8. The dynamic optimization method for underground engineering construction schemes according to claim 7, characterized in that, In step S5, the transition path is generated as follows: If the current work method differs from the optimal solution, the transition path includes work stoppage, reinforcement, and work method switching procedures. If the current support parameters differ from those of the optimal solution, the transition path includes sequentially executed transition steps, process parameters, and expected duration. The construction instructions include instruction type, triggering reason, current status, adjusted plan, transition process, process parameters and risk control elements.

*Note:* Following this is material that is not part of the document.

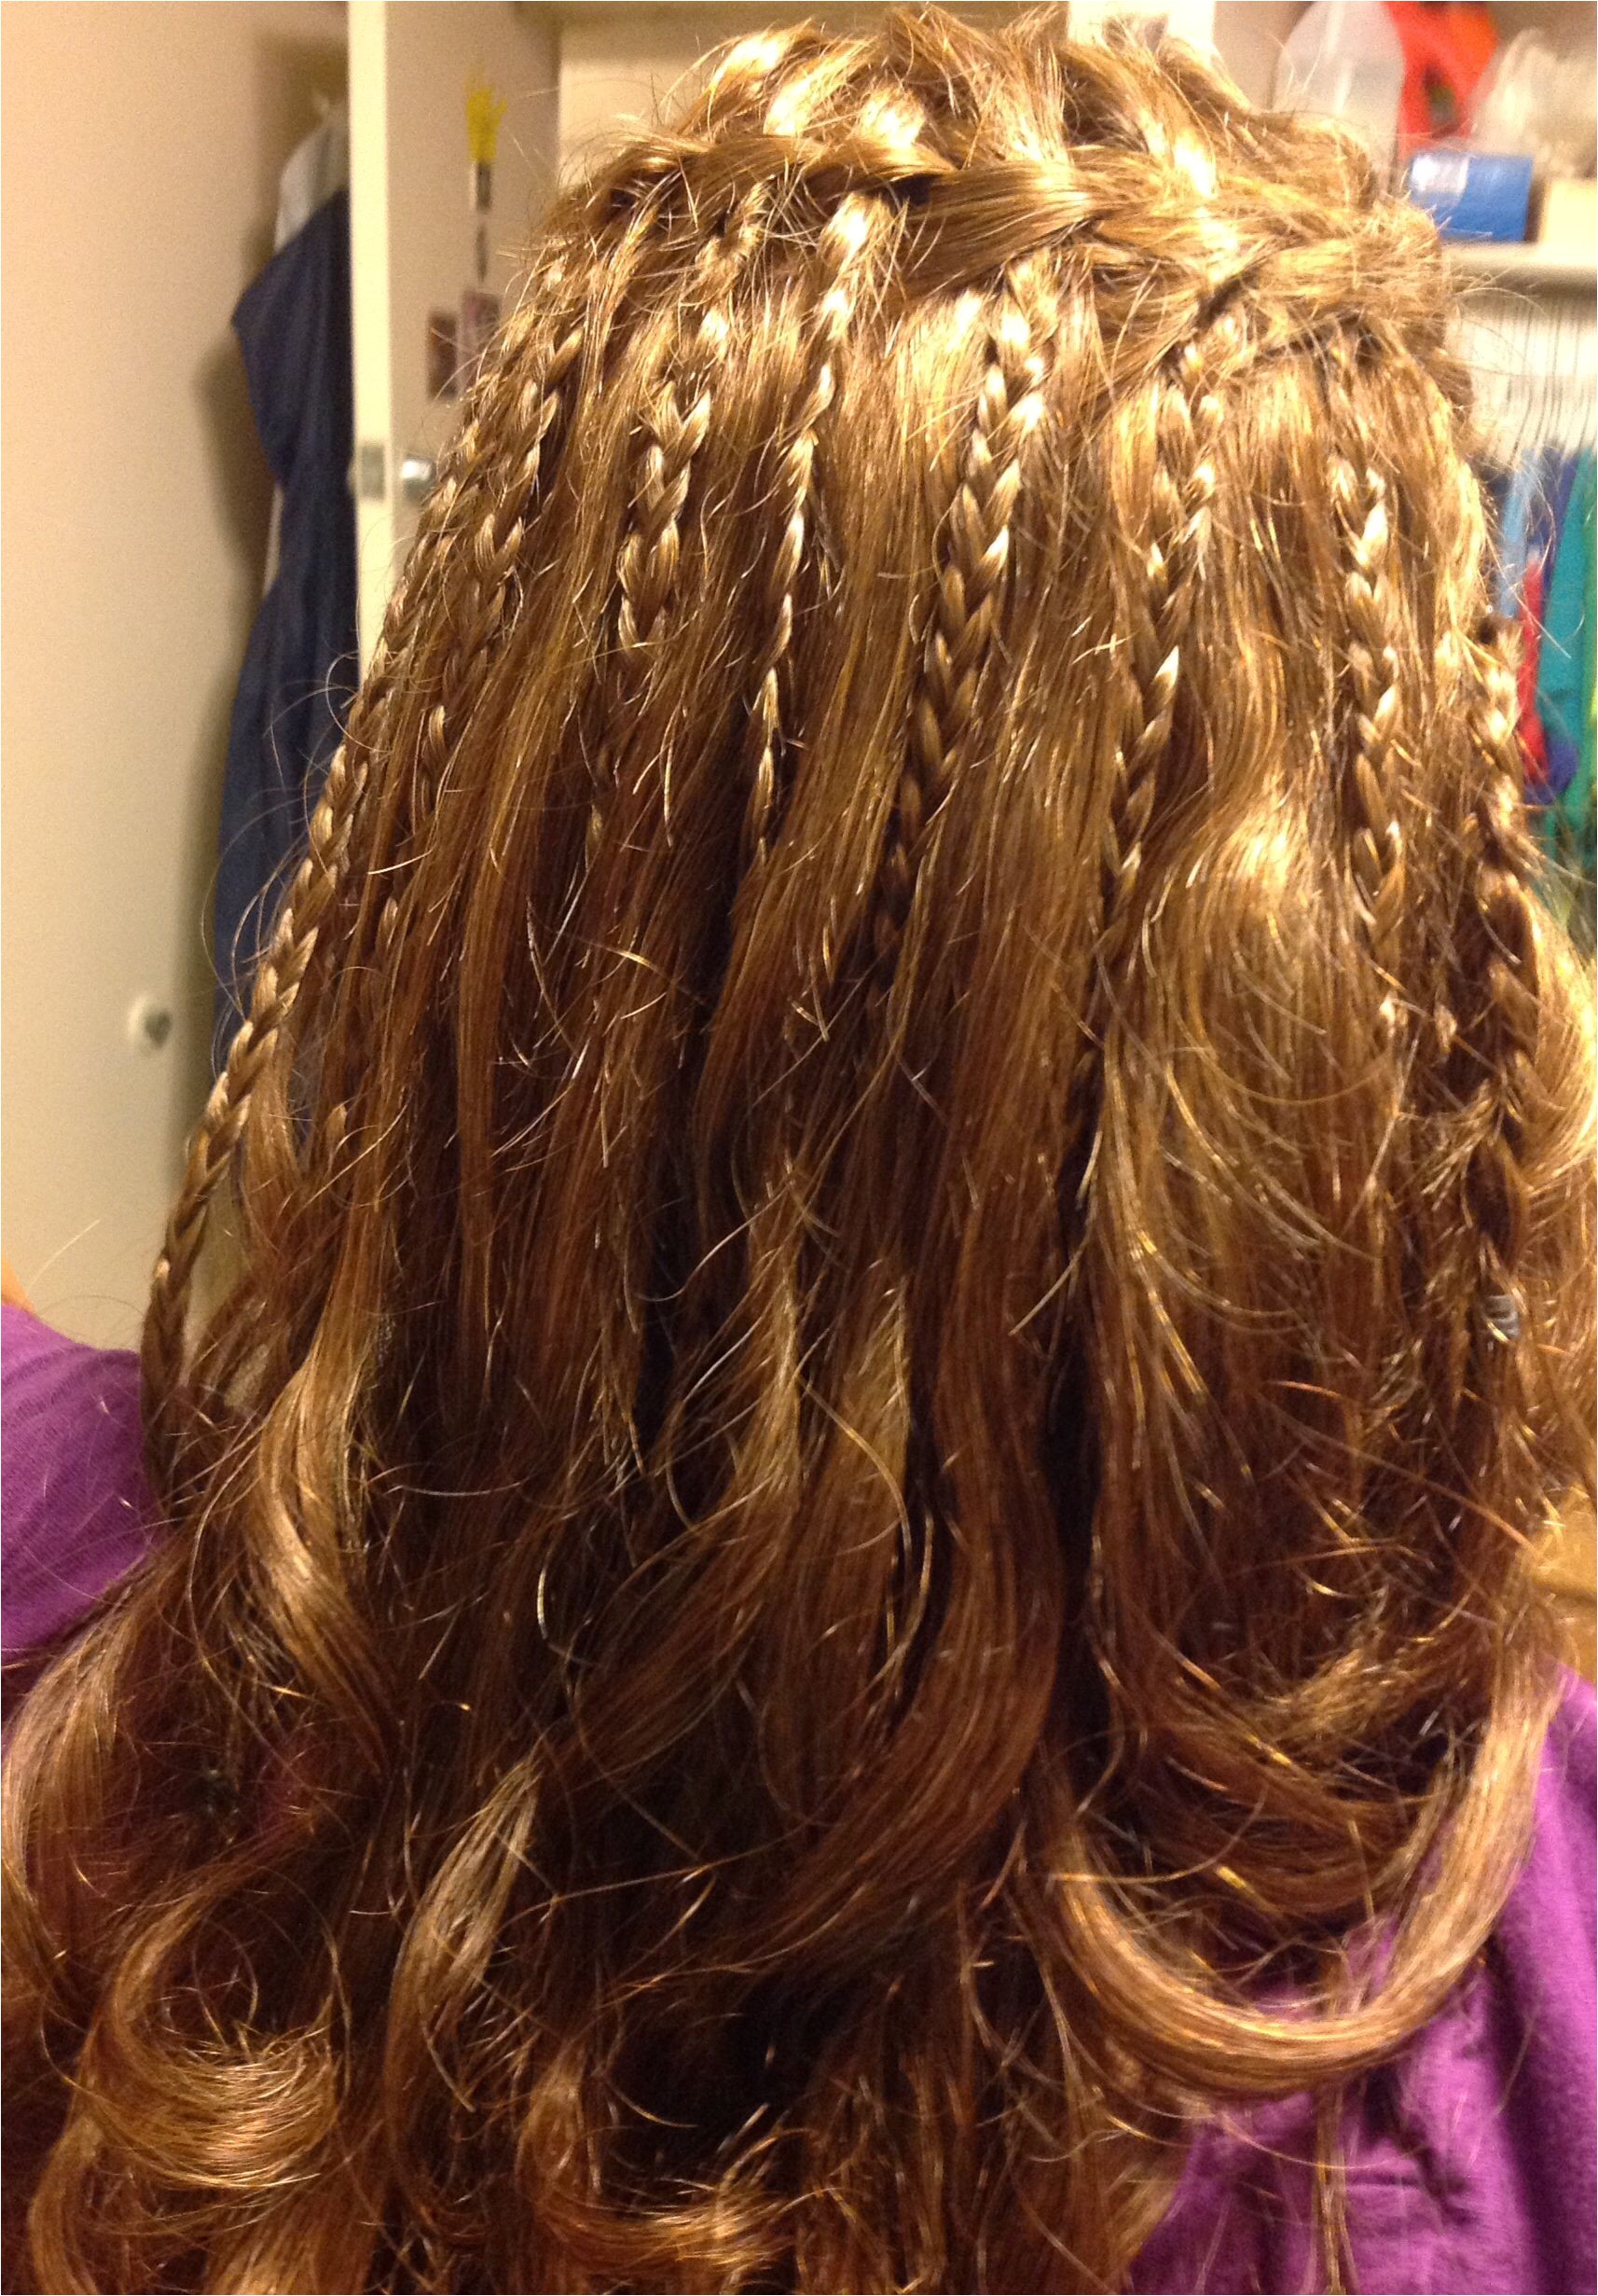 Waterfall braid then braid the strands that "waterfall" then curl the ends

9. A dynamic optimization system for underground engineering construction schemes, characterized in that, include: The model layer includes a digital twin model management module, a Bayesian inversion calculation module, and a finite element calculation engine; The digital twin model management module is used to store, update, and retrieve geometric information, spatial distribution of geological parameters, support structure parameters, and monitoring data; the Bayesian inversion calculation module is used to construct a Bayesian inversion model, solve for the posterior distribution of geological parameters, and output the optimal estimate; the finite element calculation engine is used to provide finite element prediction values ​​for Bayesian inversion and to provide surrounding rock stability simulation results for scheme optimization. The framework layer includes a data acquisition and preprocessing module, a trigger judgment module, a scheme optimization engine, and an instruction generation module; the data acquisition and preprocessing module is used to acquire real-time monitoring data and perform preprocessing. The trigger judgment module is used to calculate the deviation vector of geological parameters and the comprehensive trigger index to complete the scheme adjustment trigger judgment; The scheme optimization engine is used to dynamically re-optimize schemes based on the improved TOPSIS method and output the optimal scheme; the instruction generation module is used to generate transition paths and convert them into structured construction instructions; The application layer includes a data acquisition module, a dynamic optimization module, and a construction implementation module. The data acquisition module is used to acquire basic data and transmit it to the model layer. The dynamic optimization module is used to call the functions of the framework layer and the model layer to realize dynamic optimization of the entire process of the solution. The construction implementation module is used to issue construction instructions to the site management system and collect construction site data to feed back to the model layer.

10. A computer-readable storage medium having a computer program stored thereon, characterized in that, When the computer program is executed by a processor, it implements the steps of the method of claim 1.